1. Electrochemical energy source comprising at least one assembly of:

a first electrode,

a second electrode, and

an intermediate solid-state electrolyte separating said first electrode and said second electrode,

characterized in that said first electrode is formed at least partially by a conducting substrate on which the solid-state electrolyte and the second electrode have been deposited.

2. Electrochemical energy source according to claim 1, characterized in that the electrolyte and the second electrode are applied to a contact surface of the substrate which is at least partially patterned.

3. Electrochemical energy source according to claim 2, characterized in that the contact surface is provided with a plurality of cavities of arbitrary shape, said electrolyte and said second electrode being applied to at least a part of an inner surface of said cavities.

4. Electrochemical energy source according to claim 3, characterized in that at least a part of the cavities form slits.

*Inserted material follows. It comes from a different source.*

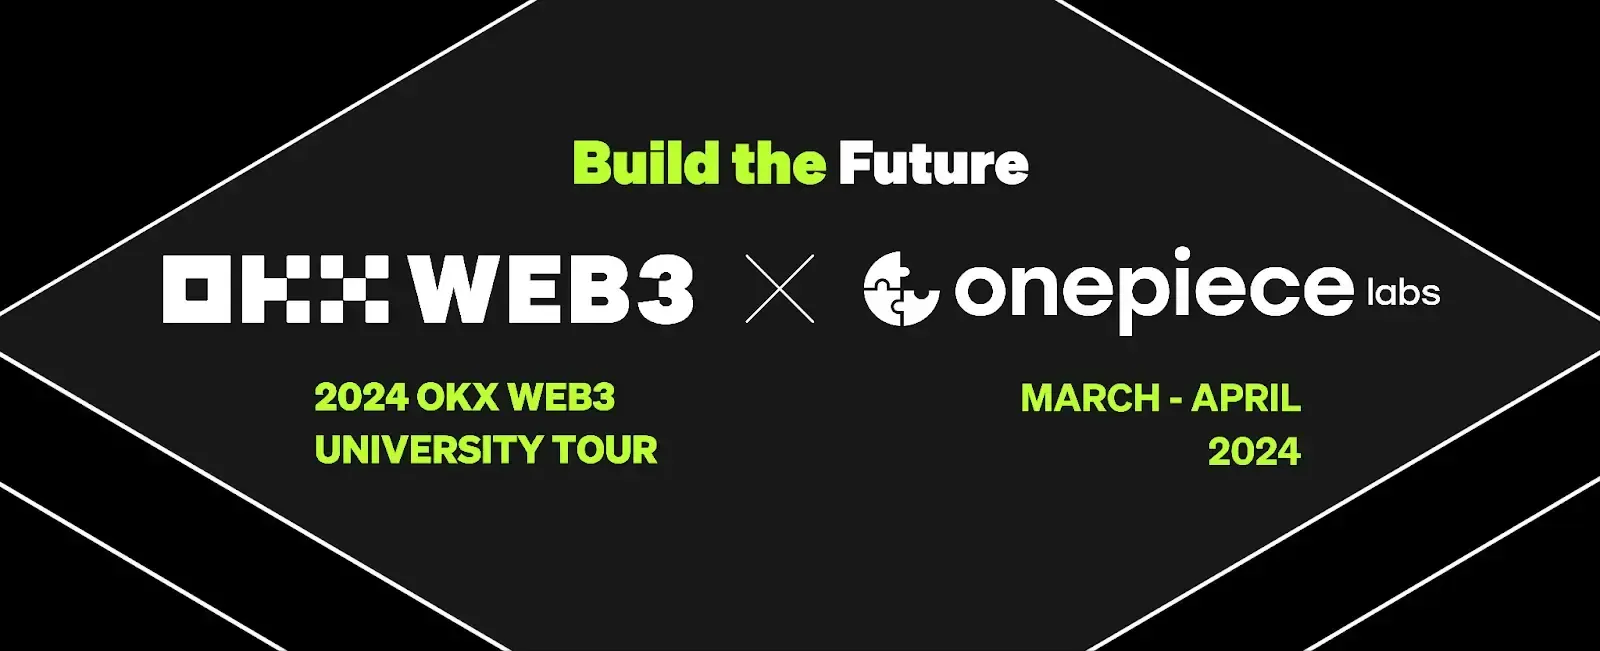 重塑未来：纵览 Web3 行业全景 - 回顾OnePiece Labs 高校行活动

5. Electrochemical energy source according to claim 1, characterized in that at least one of the first electrode and the second electrode is coupled to a current collector.

6. Electrochemical energy source according to claim 1, characterized in that the substrate is adapted for storage of ions of at least one of the following atoms: H, Li, Be, Mg, Na and K.

7. Electrochemical energy source according to claim 1, characterized in that the substrate is made of at least one of the following materials: C, Sn, Ge, Pb and, preferably doped, Si.

8. Electrochemical energy source according to claim 1, characterized in that the solid-state electrolyte and the second electrode are deposited on multiple sides of the substrate.

9. Electrochemical energy source according to claim 1, characterized in that the substrate is at least partially covered with a barrier layer for ions.

10. Electrochemical energy source according to claim 1, characterized in that the substrate is supported by a support structure.

11. Electrochemical energy source according to claim 1, characterized in that the first electrode comprises an electron-conducting barrier layer adapted to at least substantially preclude diffusion of intercalating ions into said substrate, said barrier layer being applied onto said substrate.

12. Electrochemical energy source according to claim 11, characterized in that the first electrode further comprises an intercalating layer deposited onto a side of said barrier layer opposite to the substrate.

13. Electrochemical energy source according to claim 12, characterized in that said intercalating layer is at least substantially made of silicon, preferably amorphous silicon.

14. Electrochemical energy source according to claim 11, characterized in that said barrier layer is deposited onto said substrate.

15. Electrochemical energy source according to claim 11, characterized in that said barrier layer is at least substantially made of at least one of the following compounds: tantalum, tantalum nitride, titanium, and titanium nitride.

16. An electronic device provided with at least one electrochemical energy source, the electrochemical energy including at least one assembly of:

a first electrode,

a second electrode, and

an intermediate solid-state electrolyte separating said first electrode and said second electrode,

characterized in that said first electrode is formed at least partially by a conducting substrate on which the solid-state electrolyte and the second electrode have been deposited.

17. The electronic device according to claim 16, characterized in that the electronic device is formed by an integrated circuit (IC).

18. The electronic device according to claim 16, characterized in that the electronic device and the electrochemical energy source form a System in Package (SiP).

19. Method of manufacturing an electrochemical energy source, the electrochemical energy source including at least one assembly of, a first electrode, a second electrode, and an intermediate solid-state electrolyte separating said first electrode and said second electrode, characterized in that said first electrode is formed at least partially by a conducting substrate on which the solid-state electrolyte and the second electrode have been deposited, the method comprising the steps of:

A) depositing the solid-state electrolyte on the substrate, and

B) subsequently depositing the second electrode on the substrate.

20. Method according to claim 19, characterized in that the method is provided with step C) comprising the patterning of at least one contact surface of the substrate, wherein step C) is applied prior to step A).

21. Method according to claim 19, characterized in that the method is provided with step D) comprising subsequently depositing an electron-conducting barrier layer and an intercalation layer on the substrate, wherein step D) is applied prior to step A).